This morning (september 24, 2002), sometime between 5:40 AM & 5:55 AM, about 15 miiles SE of Nashville Tennessee USA on I-24, I saw a brilliant streak of white light in the sky. It was moving much too fast for an aircraft, & seemed to have a white “tail”. I saw it for an instant, & then it vanished. Low, dense clouds, no rain.
So, was it a meteor?
Meteorite?
And, if so, when do the triffids show up?
With my apologies for the earlier screw-ups in Bad Astronomer’s name. :o
The triffids only show up in the circa 1963 movie with Howard Keel. If you stay with the book, or with the circa 1987 BBC TV adaptation, you know that the triffids have nothing to do with the meteor.
However, you still have the Andromeda Strain, H.G. Wells’ martians, and the Pod People to worry about.
Sounds like a meteor to me. IIRC, it’s only a meteorite if part of it makes it all the way to the ground.
A meteoroid is a rock outside a planet’s atmosphere. A meteor is a rock falling through the atmosphere. A meteorite is the rock after it reaches the surface.
Okay, now I sit back and let the B. A. tell me what’s wrong with what I just wrote.
Yep. A meteor. And it never did become a meteroite if it totally burned up in the atmosphere - that is, if it didn’t land someplace. Call it a meteor. Or shooting star, or falling star. And keep in mind, also, that while the great majority of these things are outer space junk/dust/pebbles, occasionally one is the left-over piece of the world’s space program - otherwise known as space junk. I’m sure there’s a website that tracks a lot of it. Some is too small to track but could still make a nice flash in the sky when it burns up. (examples: someone’s glove, a pair of pliers, a washer, etc.)

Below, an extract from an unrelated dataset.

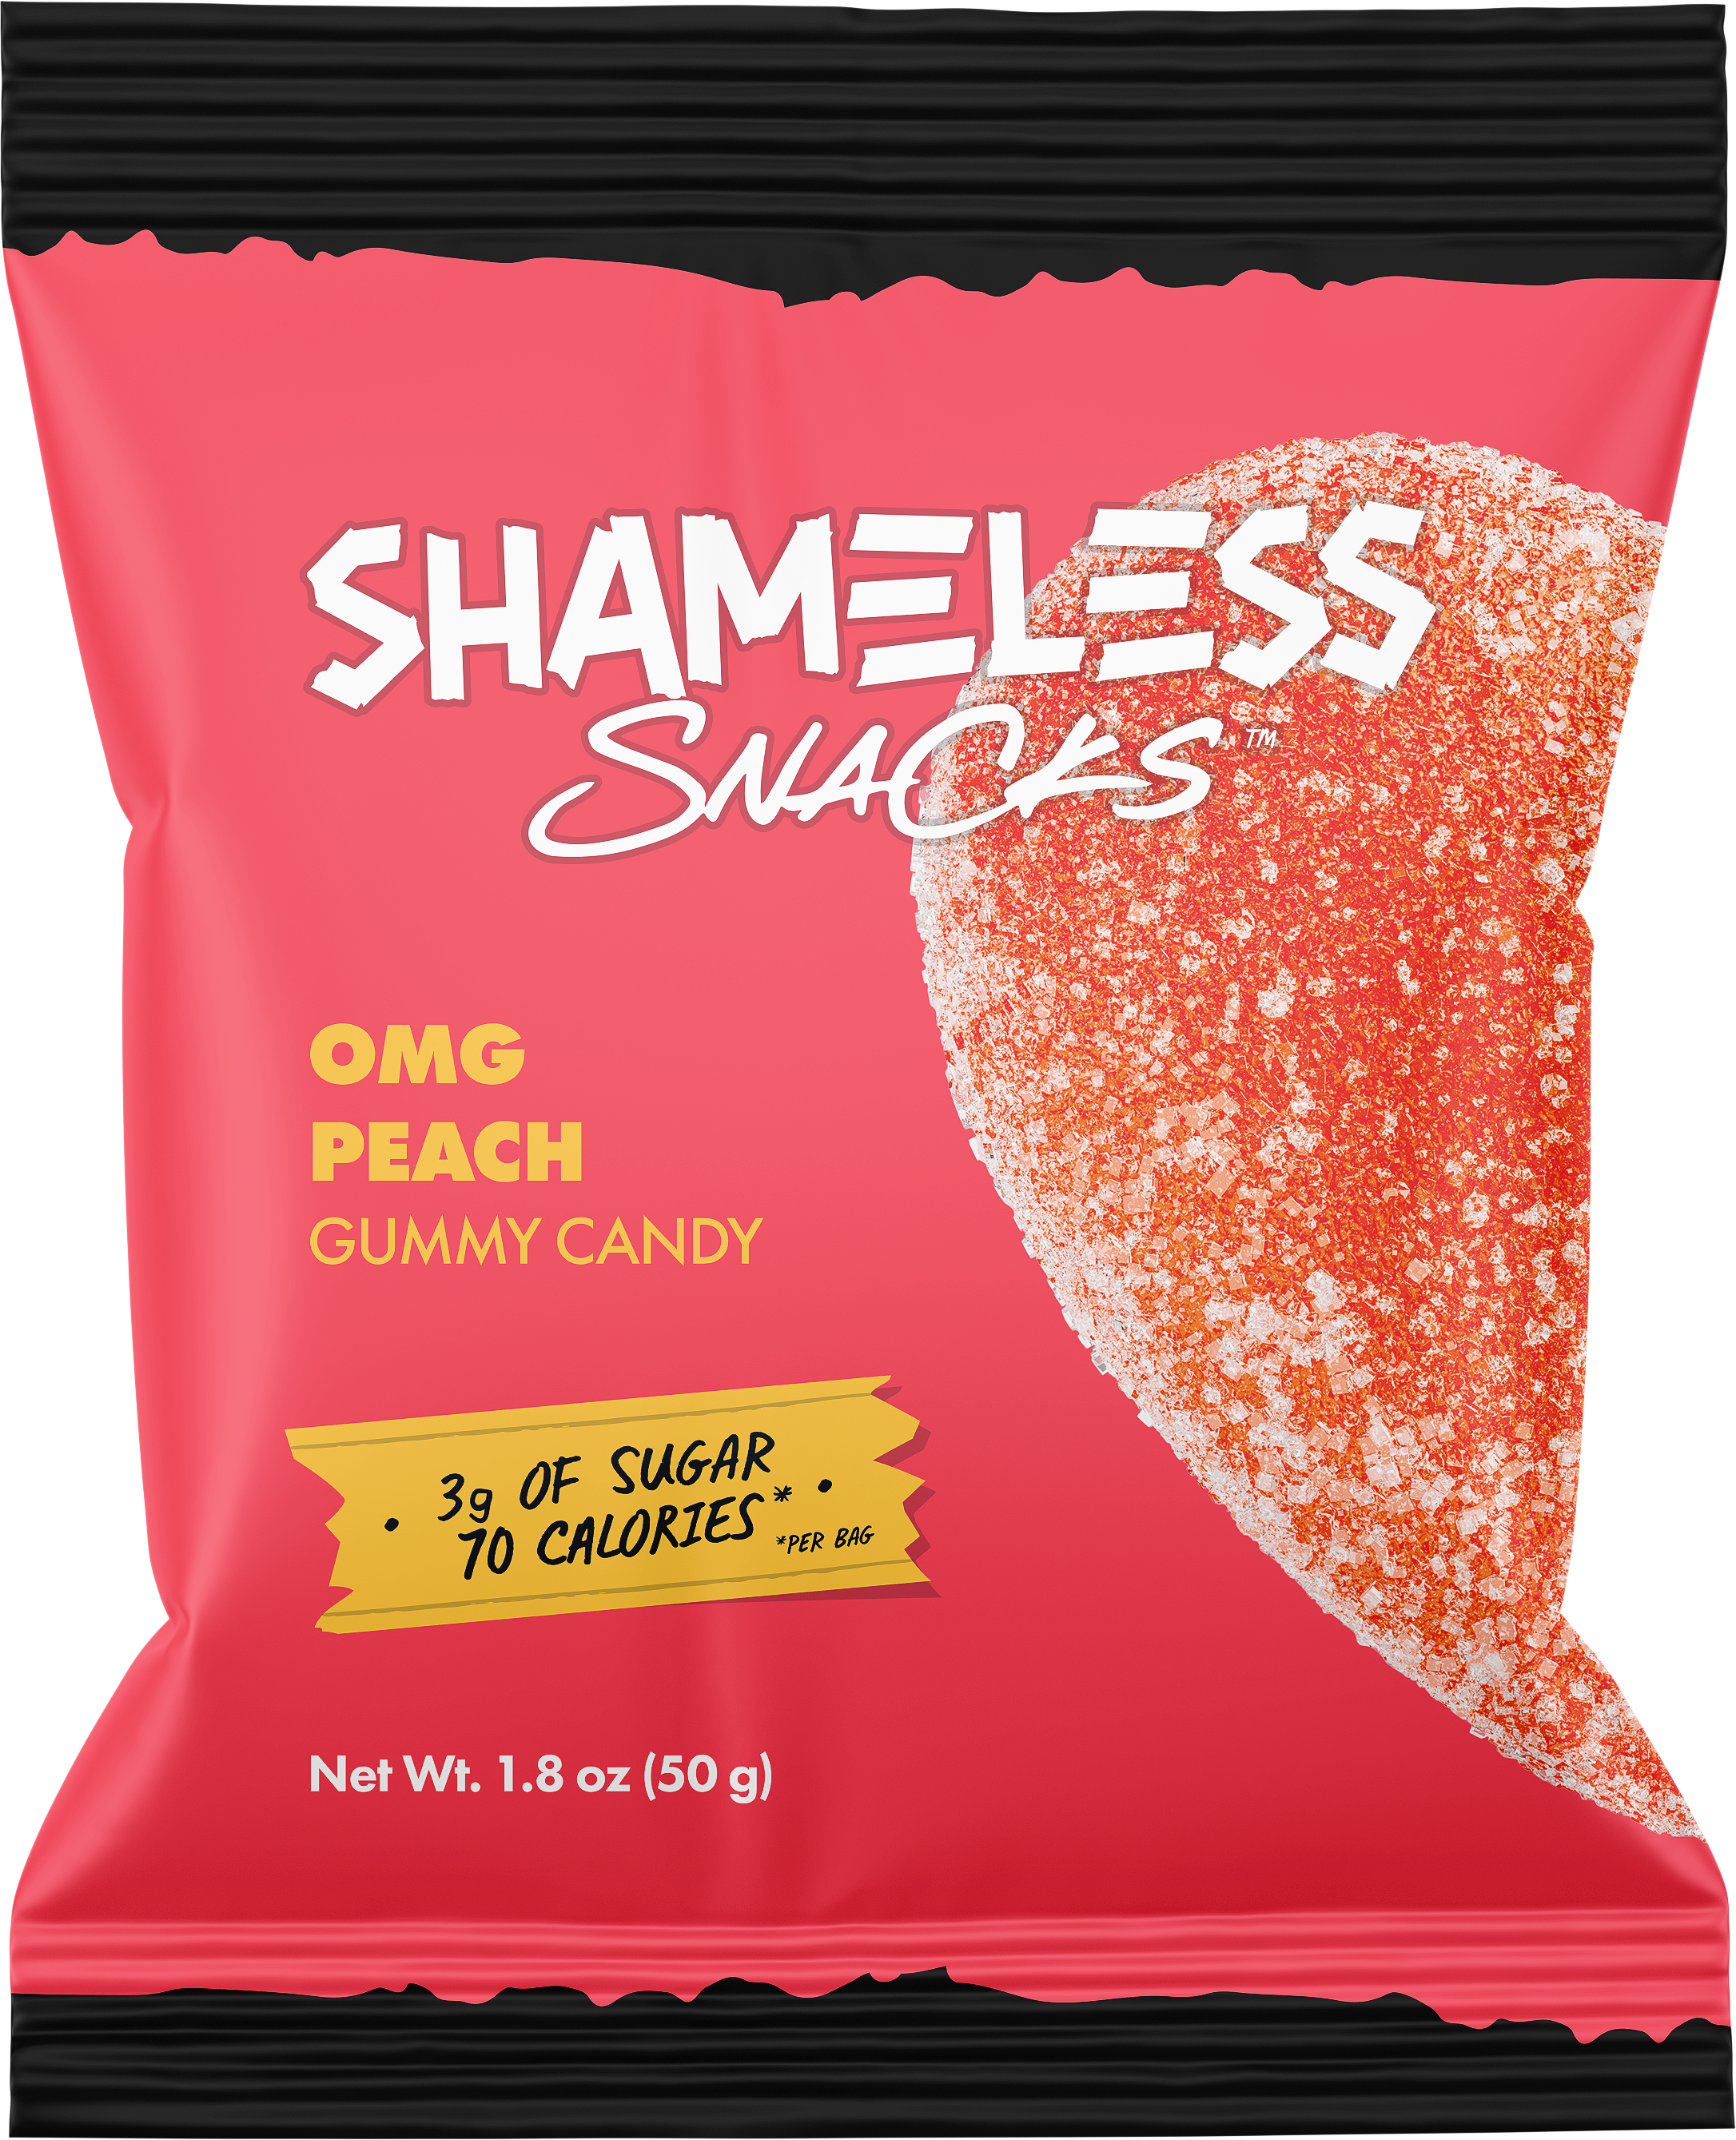 Gummy Candy by Shameless Snacks - OMG Peach - High-quality Candies by Shameless Snacks at

You could ask this on the newsgroup “sci.astro.satellites.visual-observe”. If it was a piece of space junk, they might be able tell you or direct you to sites that keep track of when larger pieces are expected to burn up.
Could it have been a meteor that close to the ground? I gather from the OP that it was beneath the low, dense clouds. Low to me means maybe 2000 feet off the ground. I had the impression that meteors usually occur much higher in the atmosphere. How big would one have to be in order for it to still be lighting up at 2000 feet altitude?
A meteor is the flash of light, although the term is sometimes applied to the rock as well. The “meteor” is an atmospheric phenomenon–hence, the term meteorology.
didn’t we have a thread recently about a meteor that somebody caught (somehow) before it actually hit the ground, so (strictly speaking) it never became a meteorite?
It could still have been a bright meteor (or piece of space junk burning up) even though it was visible through - or even possibly below - thick cloud.
I remember a year or two ago, the Leonids were meant to be especially bright, and I went out to see if I could see them. Unfortunately there was thick cloud and a bit of drizzle in the air, but I still saw a few bright trails through the cloud.
Remember that your average “shooting star” is only the size of a grain of sand or small gravel - anything bigger than that will make it much lower down into the atmosphere.
I’d still say it was simply a meteor - from outer space or from inner space. I note that it was observed between 5:30 & 6 in the morning in Tennessee. So it was not very bright yet, I’d imagine. That would make a bright, close meteor easier to see, even through a cloud cover. In fact, I find that “civil twilight” didn’t begin until 6:11 in Nashville and sunrise wasn’t until 6:37, so in such a dark sky, you might have not even seen breaks in the clouds. It could have been way high. Inspector, I think we have our man.
By the way, early morning (before twilight) is the best time to see meteors. That’s when you’re on the “front” part of the Earth as it moves through its orbit, so to some degree, the Earth is running into the meteoroids as well as the meteoroids running into the Earth.